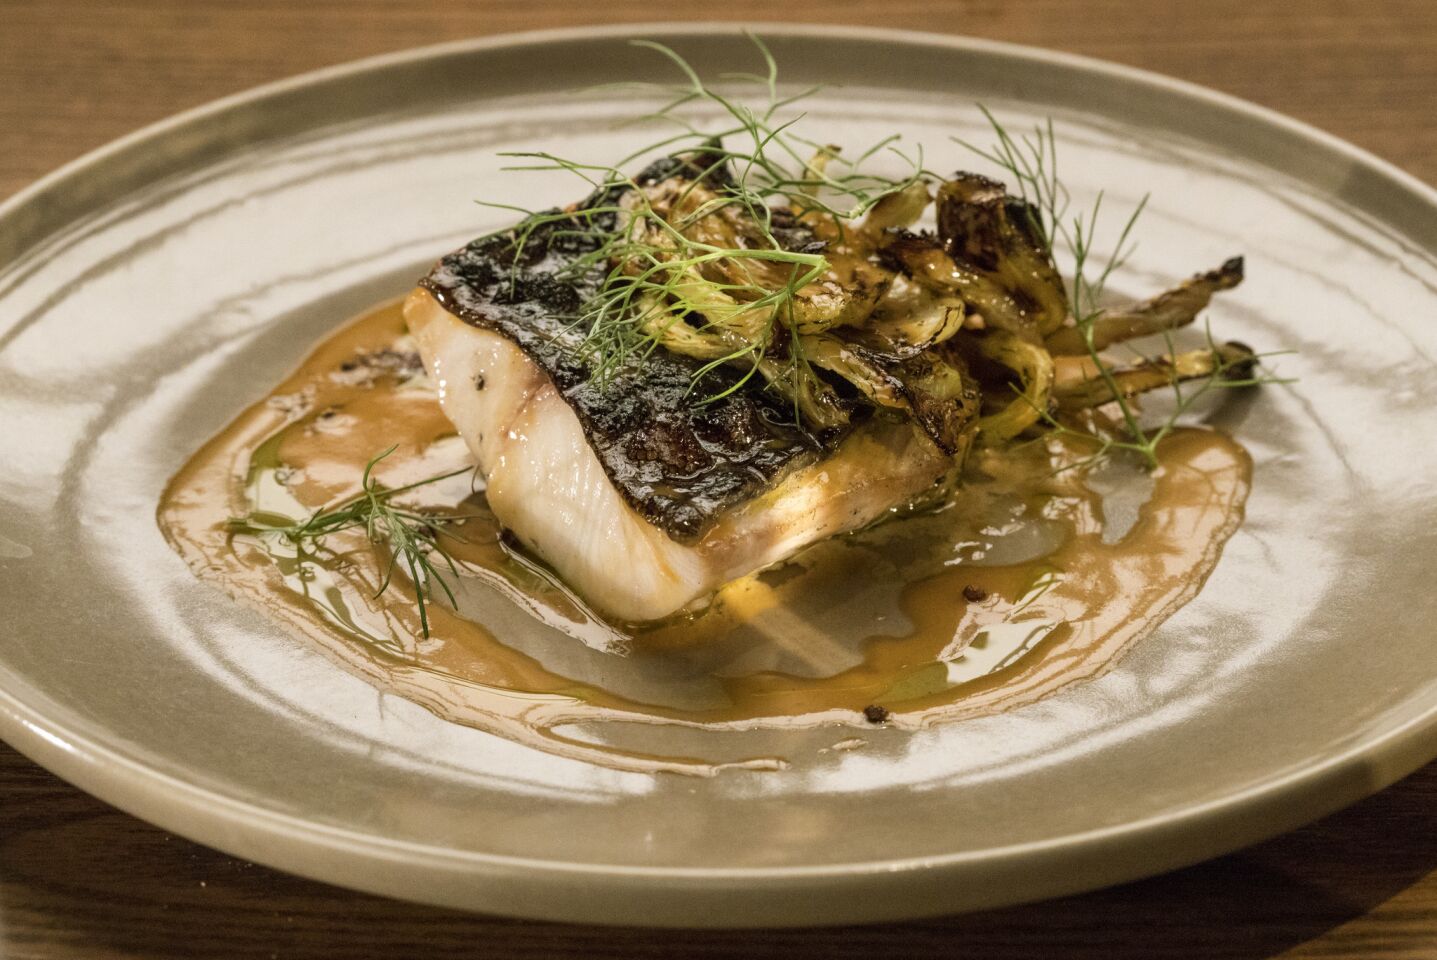 Jonathan Gold reviews the Hearth & Hound
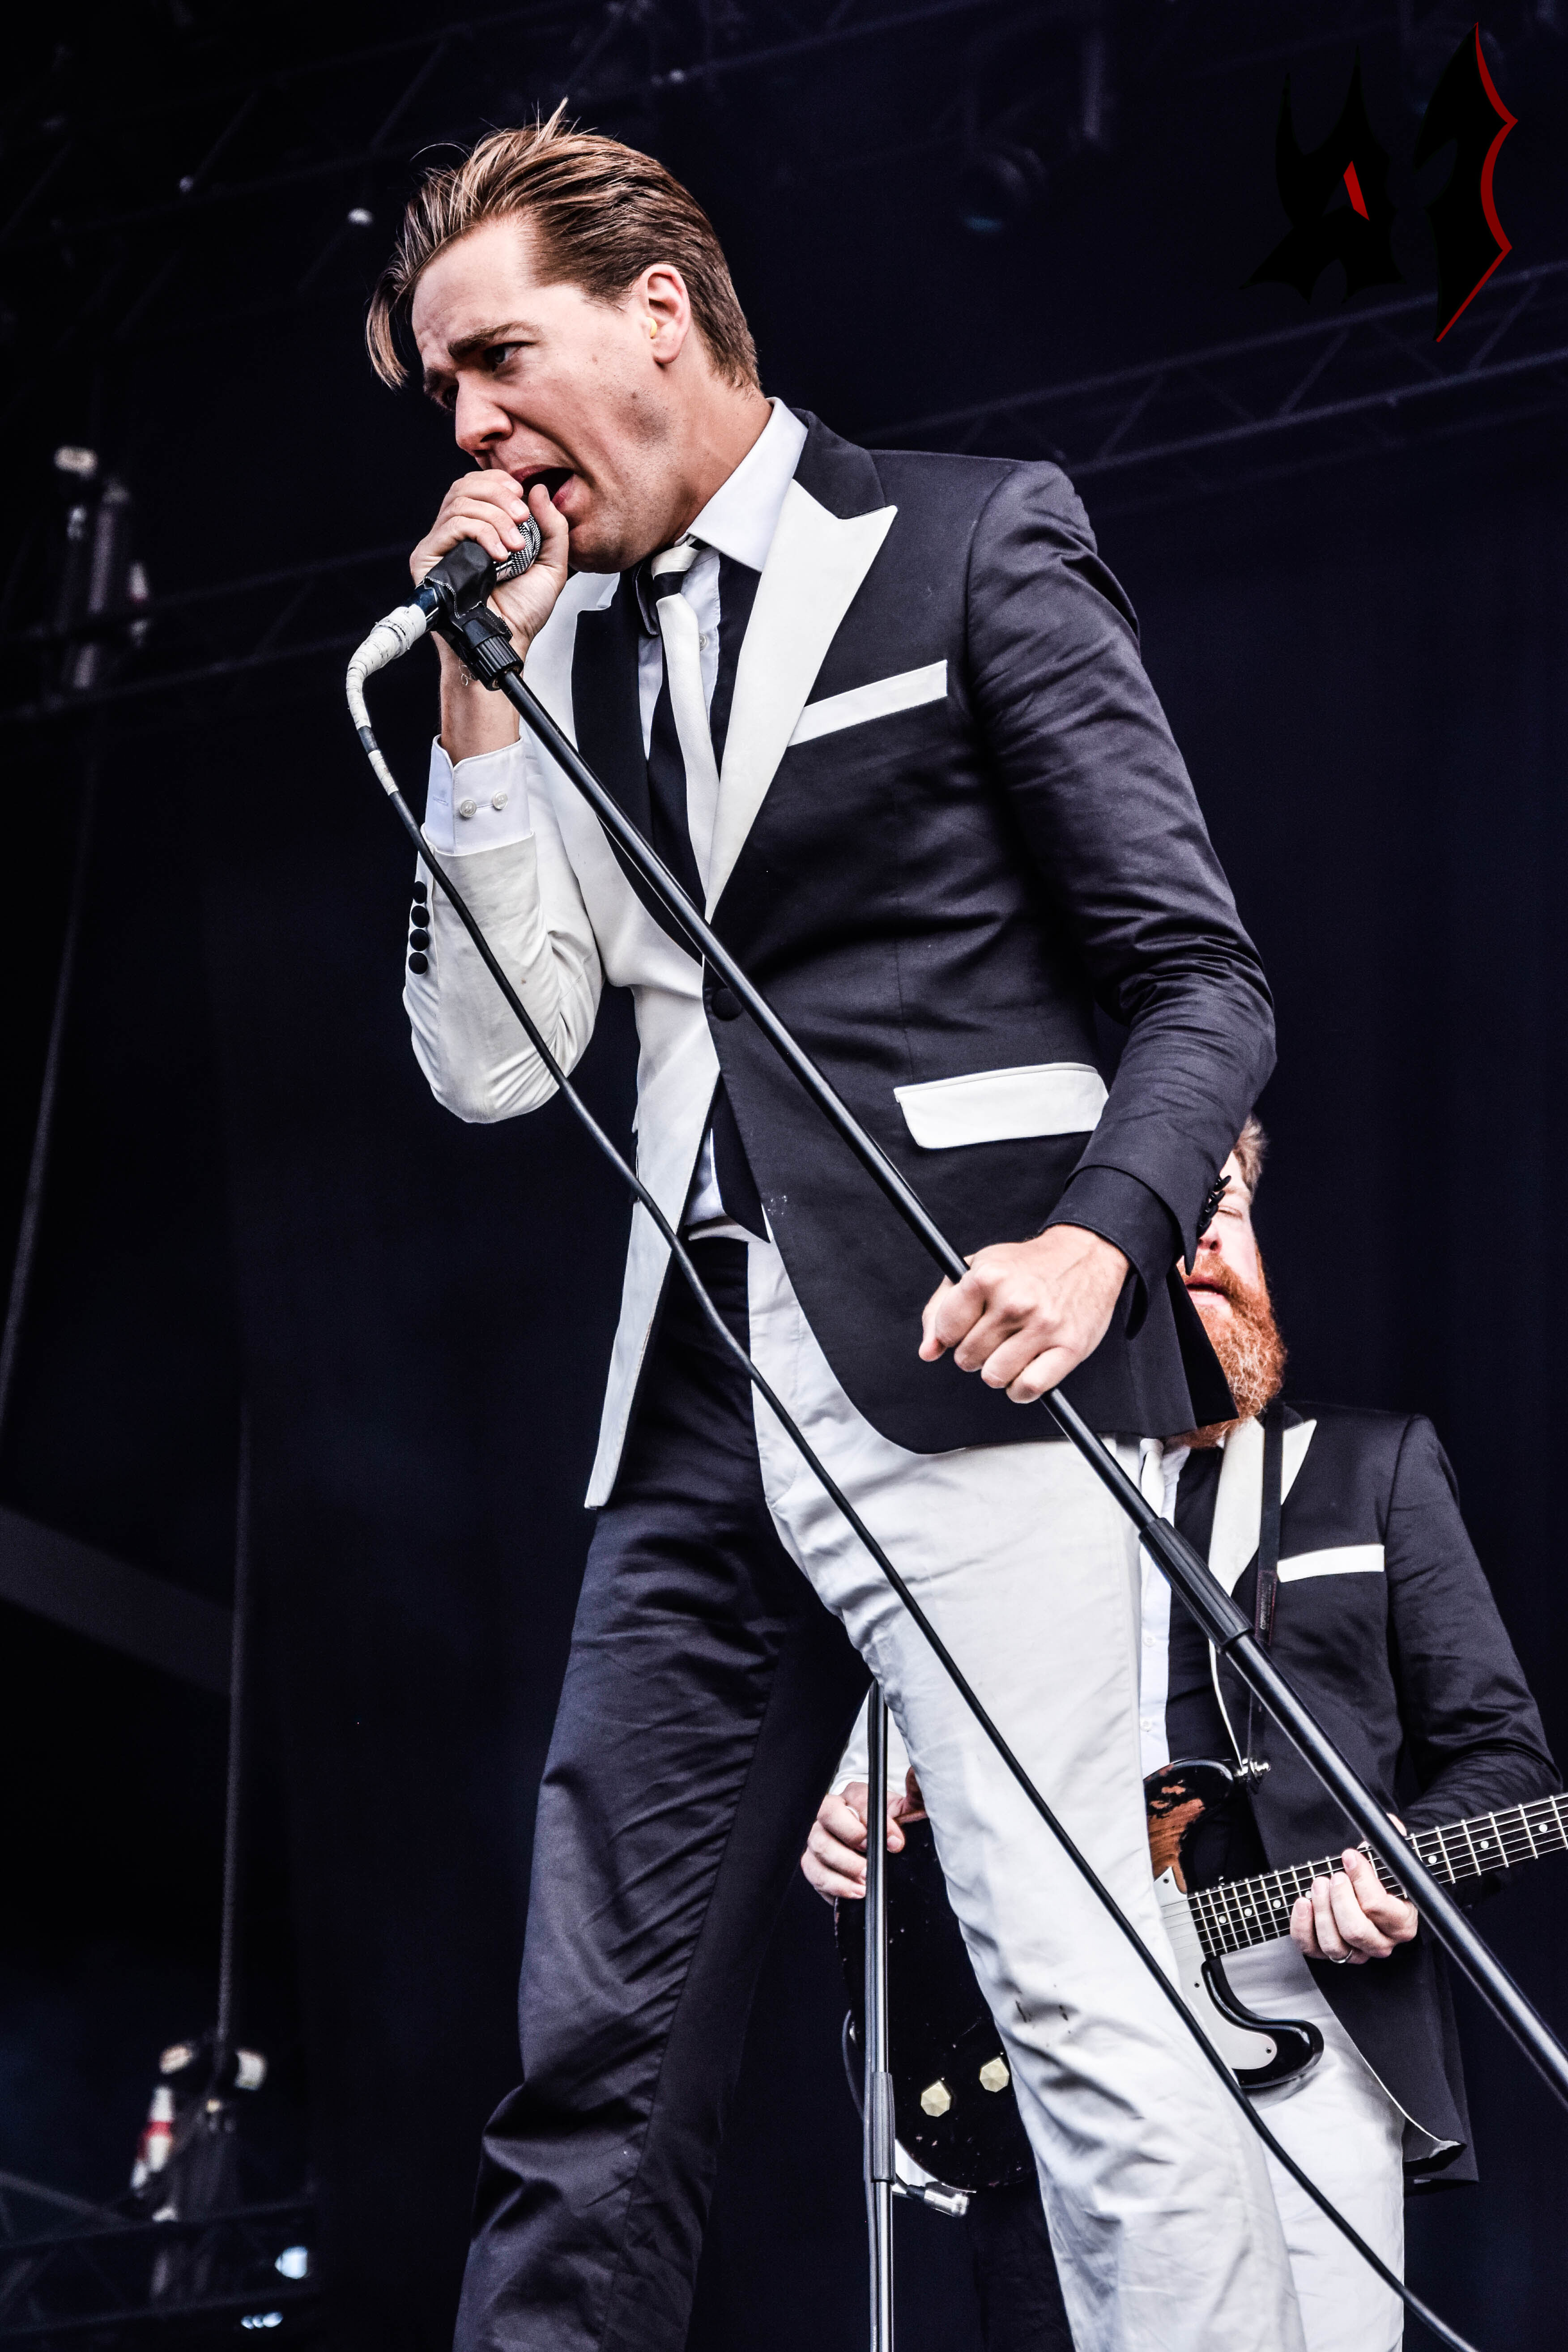 Donwload 2018 – Day 3 - The Hives 3
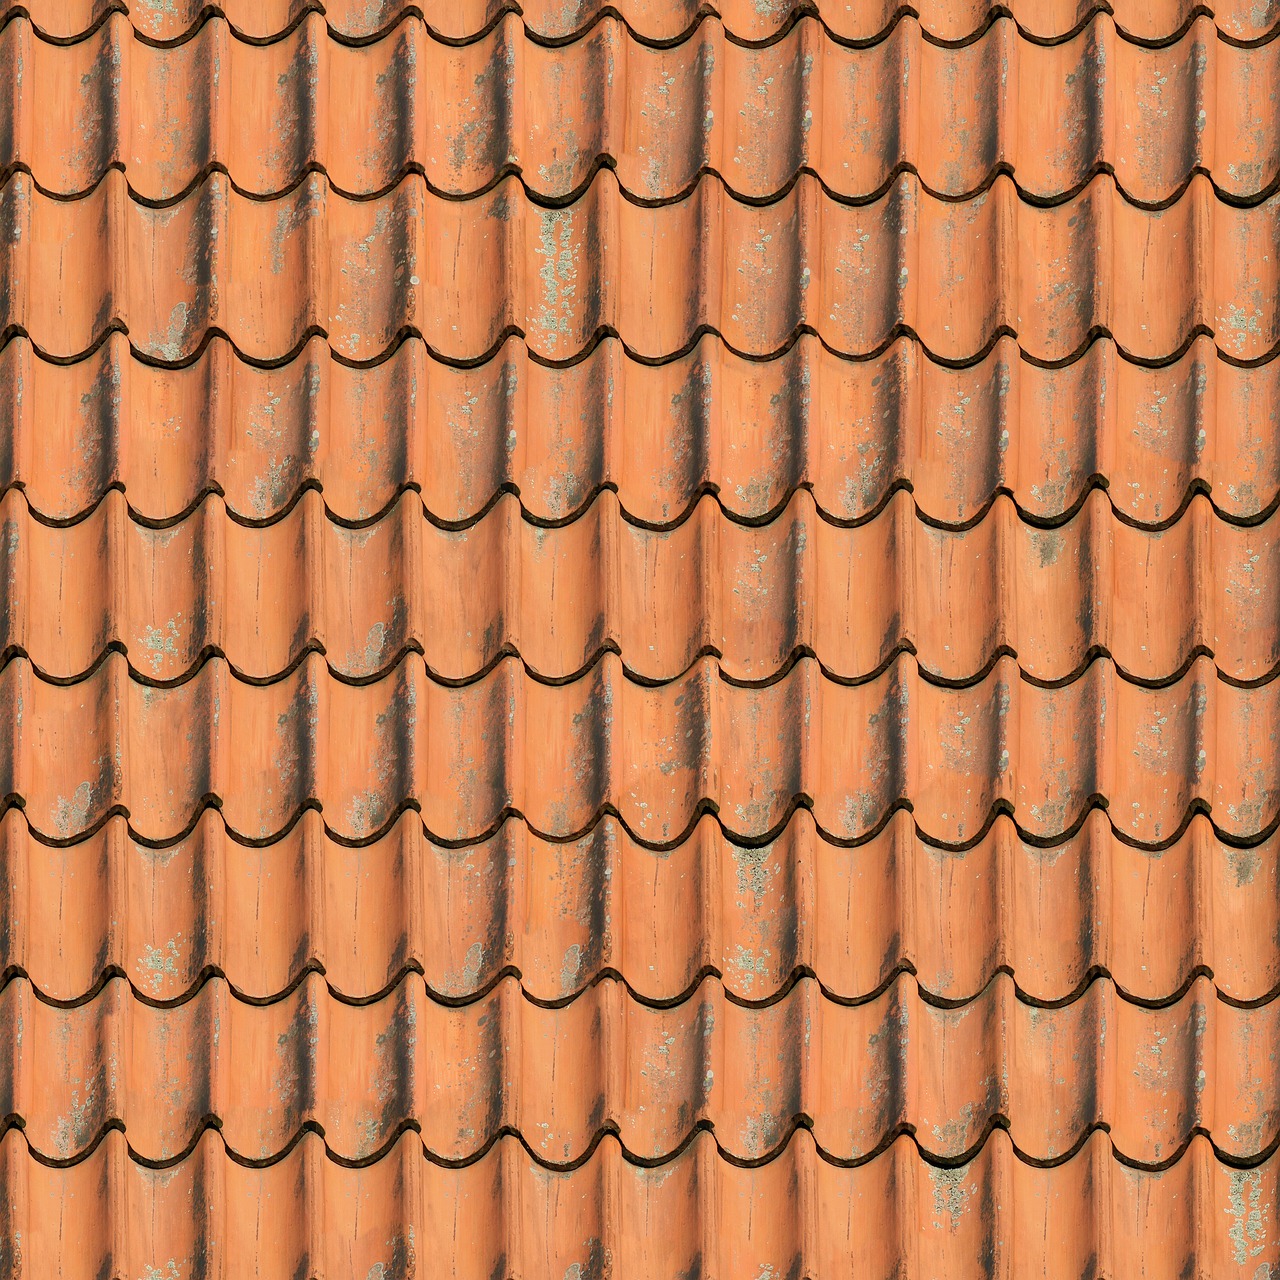 a close up view of a tiled roof, a digital rendering, shutterstock, baroque, seamless game texture, orange color, sao paulo, phone photo

---

### Work item:
The material above must be printed exactly, with its pictures left out.

### Output:
 Jonathan Gold reviews the Hearth & Hound
 Donwload 2018 – Day 3 - The Hives 3
 a close up view of a tiled roof, a digital rendering, shutterstock, baroque, seamless game texture, orange color, sao paulo, phone photo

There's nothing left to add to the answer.